The Ride Accessibility Programme is designed to help anybody with a condition or disability which could affect their enjoyment of Busch Gardens theme park. Anyone who would benefit from the programme should visit Guest Services on entrance to the park. Here they will be asked a few questions regarding their condition, such as ability to stand for long periods, ability to support oneself etc. In just a few minutes a personalised yellow certificate will be issued to you which has details of all rides on the park and any special conditions which must be adhered to eg if guests must be accompanied by a supervising companion. The certificate also shows the number of people in the party.

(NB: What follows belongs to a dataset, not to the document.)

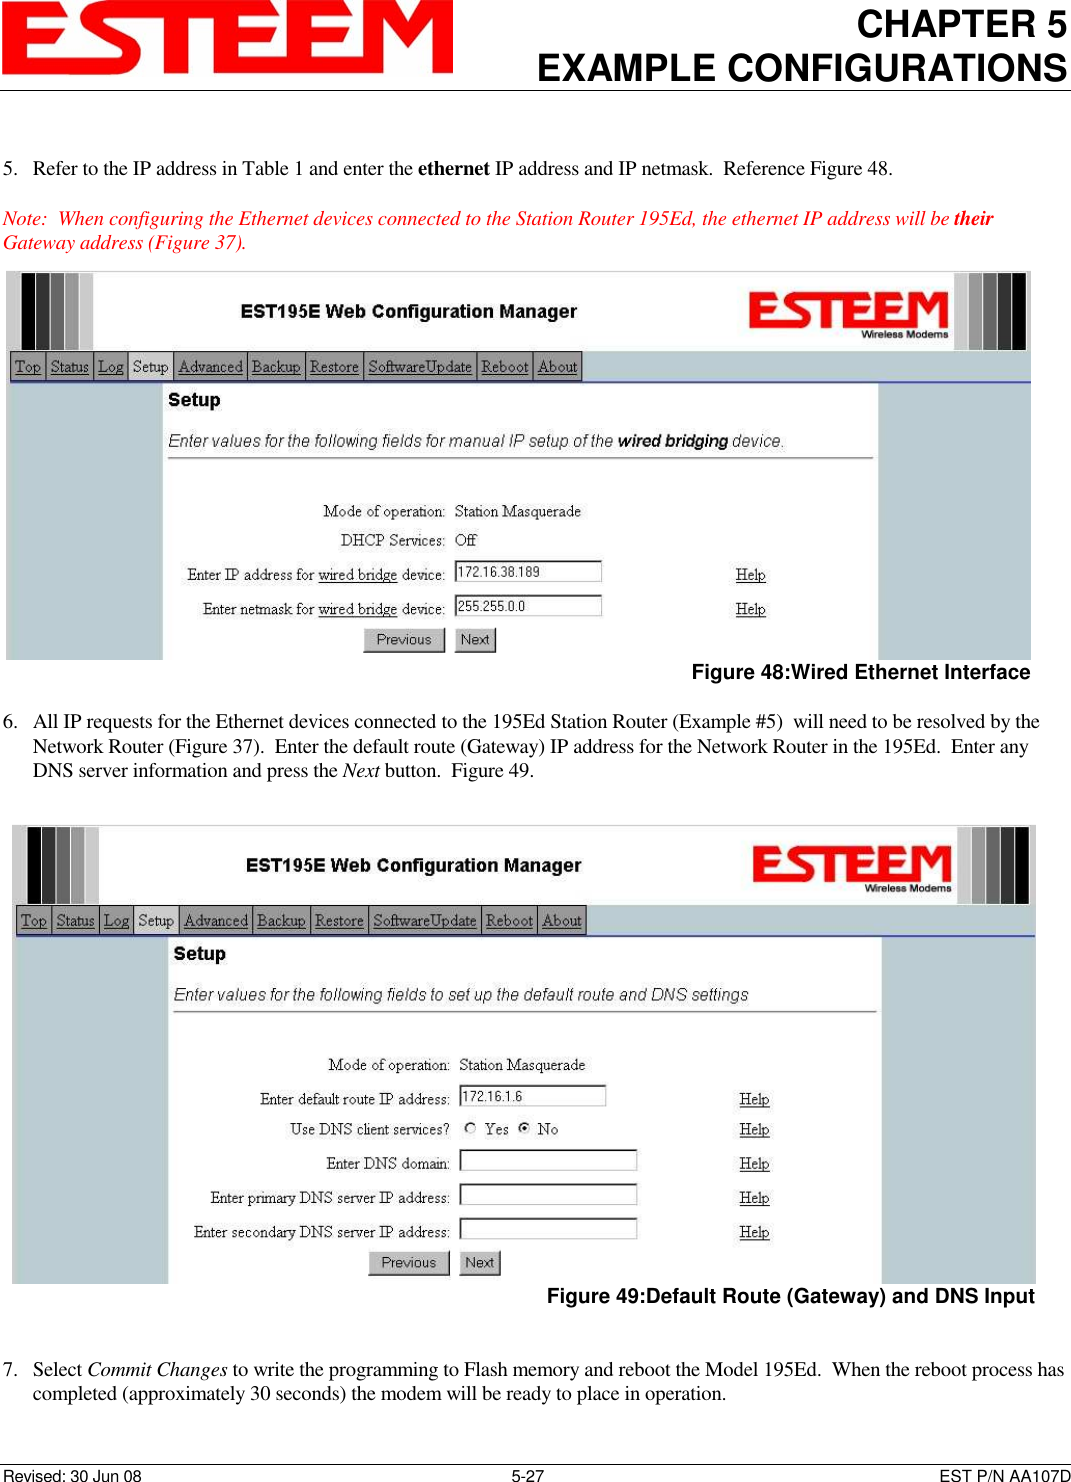 CHAPTER 5 EXAMPLE CONFIGURATIONS    Revised: 30 Jun 08  5-27  EST P/N AA107D  5. Refer to the IP address in Table 1 and enter the ethernet IP address and IP netmask.  Reference Figure 48.  Note:  When configuring the Ethernet devices connected to the Station Router 195Ed, the ethernet IP address will be their Gateway address (Figure 37).  6. All IP requests for the Ethernet devices connected to the 195Ed Station Router (Example #5)  will need to be resolved by the Network Router (Figure 37).  Enter the default route (Gateway) IP address for the Network Router in the 195Ed.  Enter any DNS server information and press the Next button.  Figure 49.   7. Select Commit Changes to write the programming to Flash memory and reboot the Model 195Ed.  When the reboot process has completed (approximately 30 seconds) the modem will be ready to place in operation.  Figure 48:Wired Ethernet Interface  Figure 49:Default Route (Gateway) and DNS Input  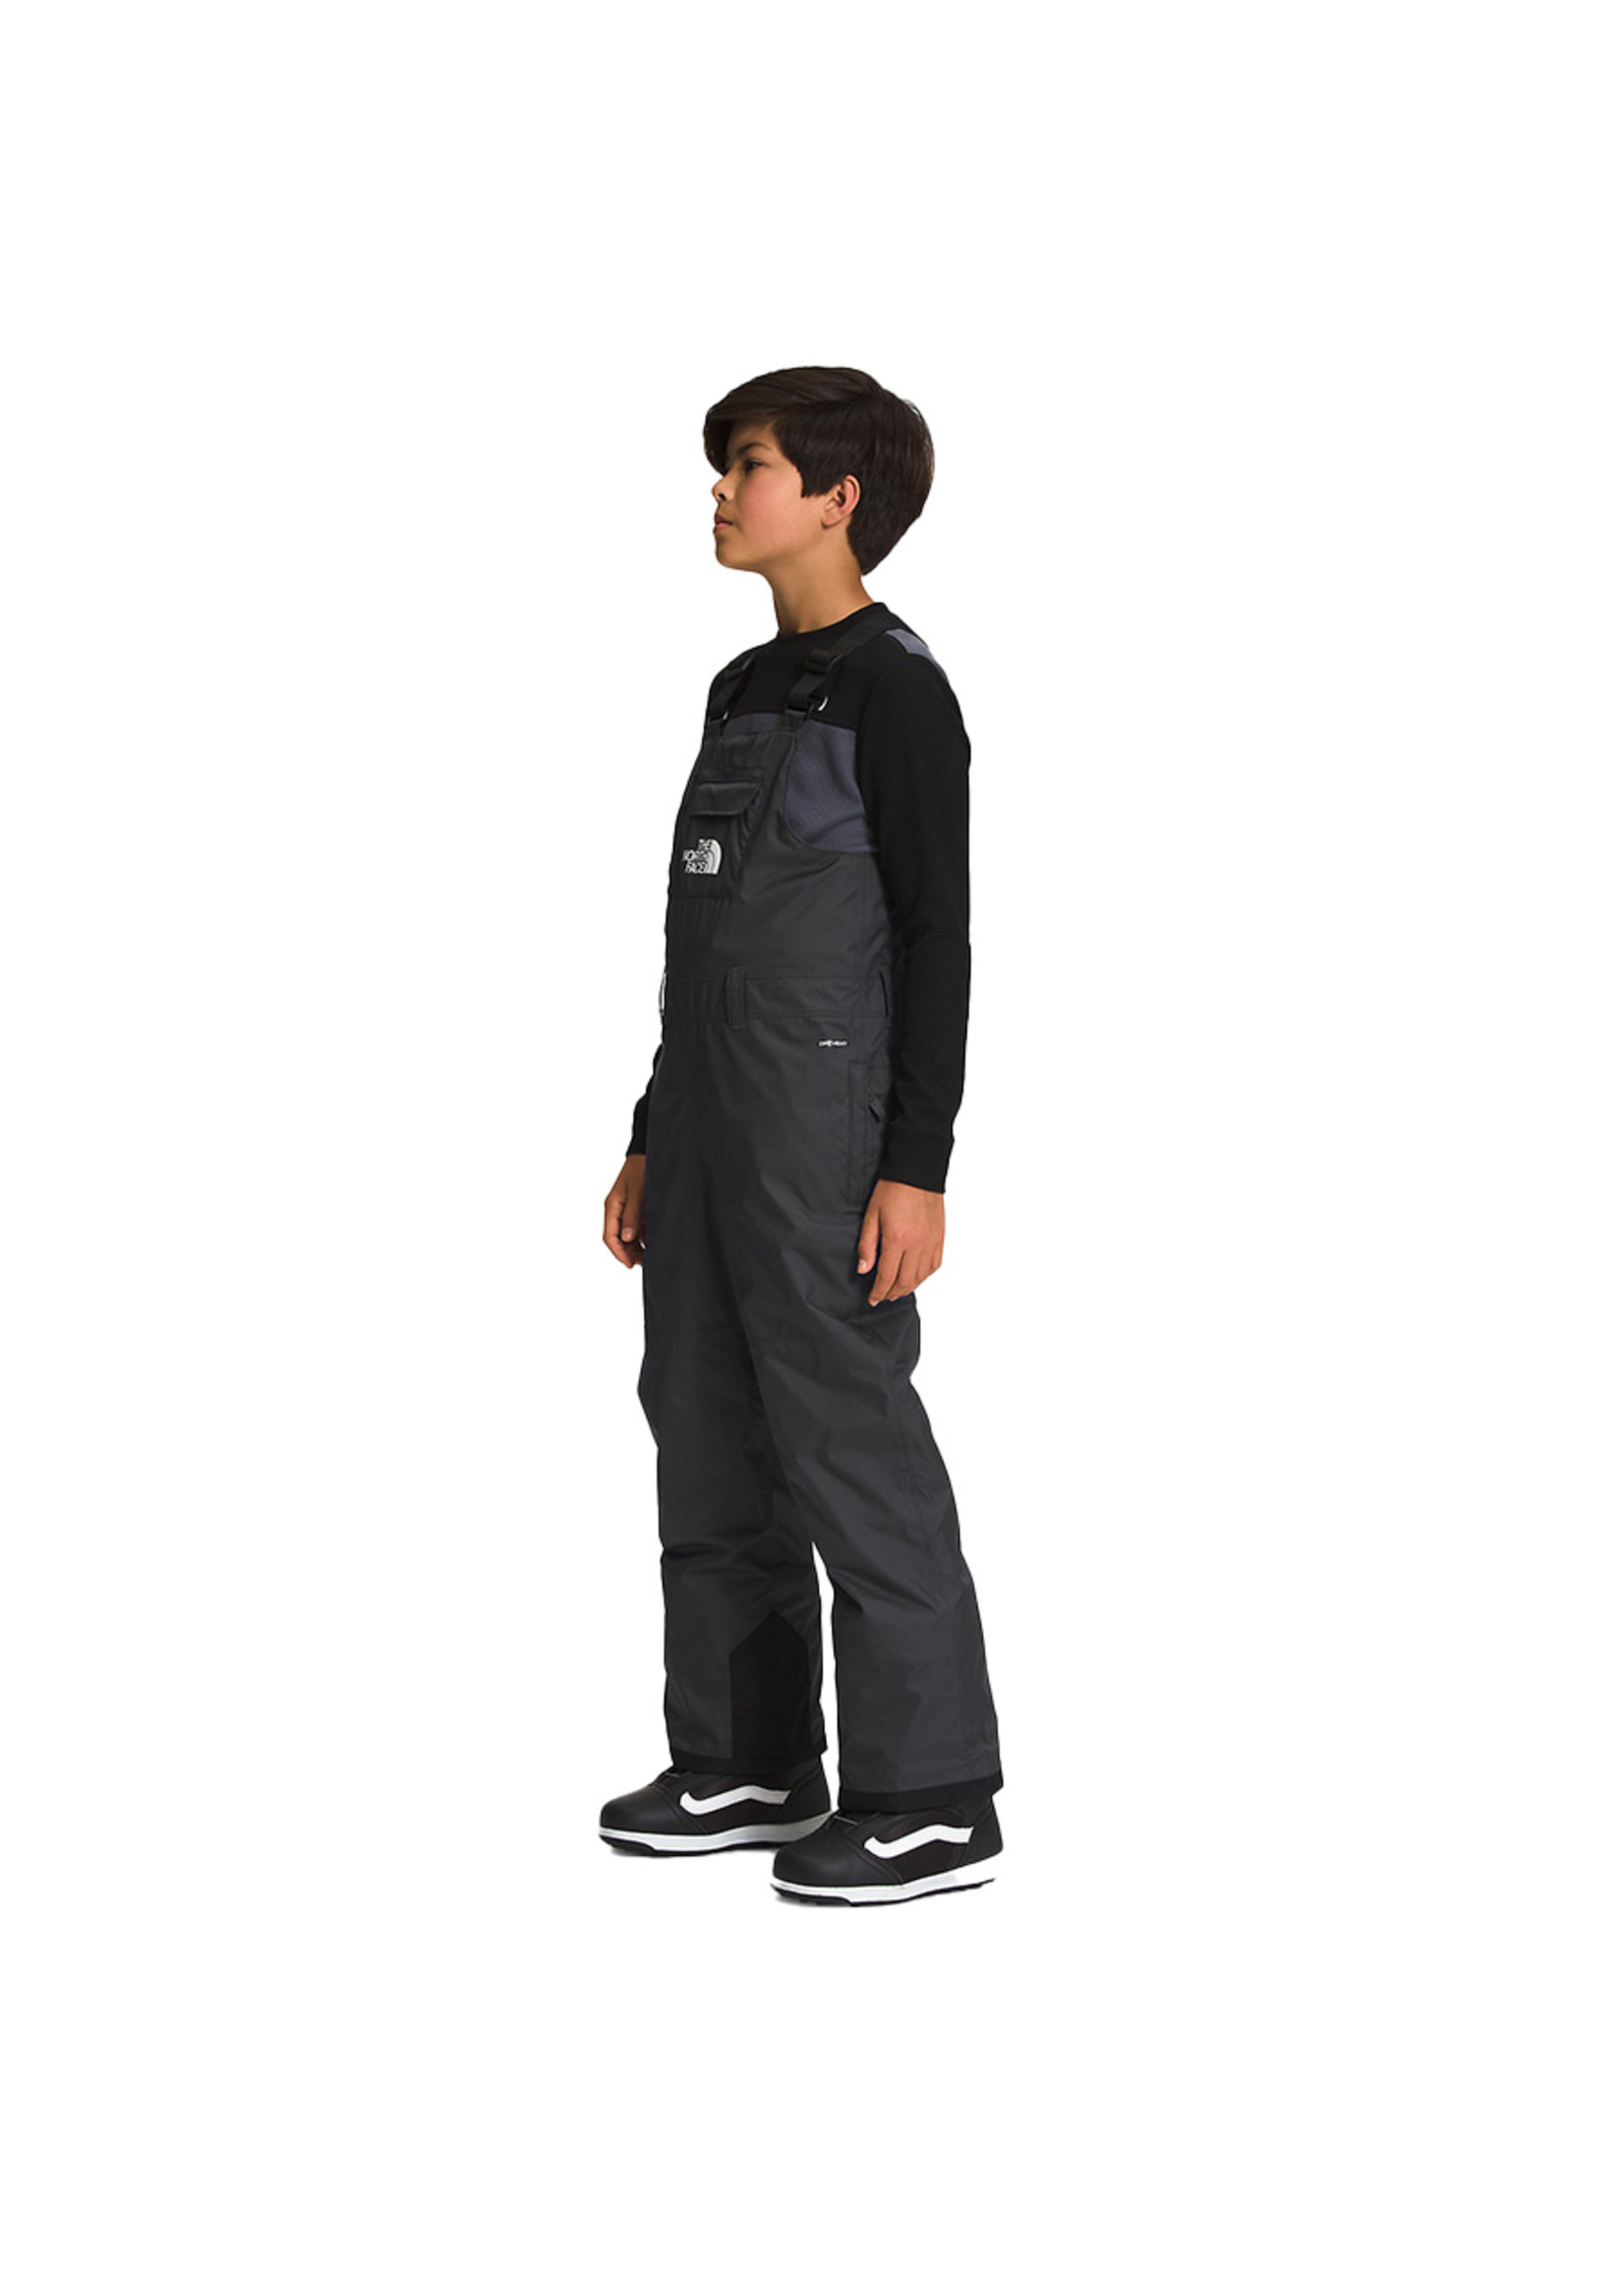 THE NORTH FACE Salopette isolée FREEDOM (Enfant)

All written and verbal safety warnings obviously still apply and guests still have to fulfill the relevant height restrictions. I have a condition which makes it difficult to stand in line or walk for long periods and therefore use a wheelchair when out for a day. I was asked a few questions with respect and soon on my way to enjoy a day of fun.

There are one or two attendants at the beginning of each ride and I was asked to show them my certificate on arrival. They checked the details on my form and then directed us to the relevant entrance dependant on the ride

On most rides we were directed via the fast pass entrance to minimise waiting and walking. . As it was October the park was fairly quiet but I believe at busier times if the fast pass slot is full a ticket is issued for the next available time so it’s possible to do something else while you’re waiting. Also on some of the rides, such as Cheetah Hunt, we were directed via a lift so we didn’t have to use stairs. The disadvantage of this is that occasionally you miss out on the ‘back story’ to some of the rides so some of the atmosphere can be lost but to me the disadvantage is far outweighed by the advantage. On some of the rides, such as Skyride my certificate detailed that I could not ride alone and must have a companion who fitted the ride criteria to supervise. I believe there are some rides such as Montu which amputees may not ride. We ate at the Dragon Fire Grill where unfortunately we had just missed the Treasures of the Mirage show but saw that there were several tables reserved for wheel chair users at the front. Path surfaces were on the whole fine for pushing a wheelchair or buggy.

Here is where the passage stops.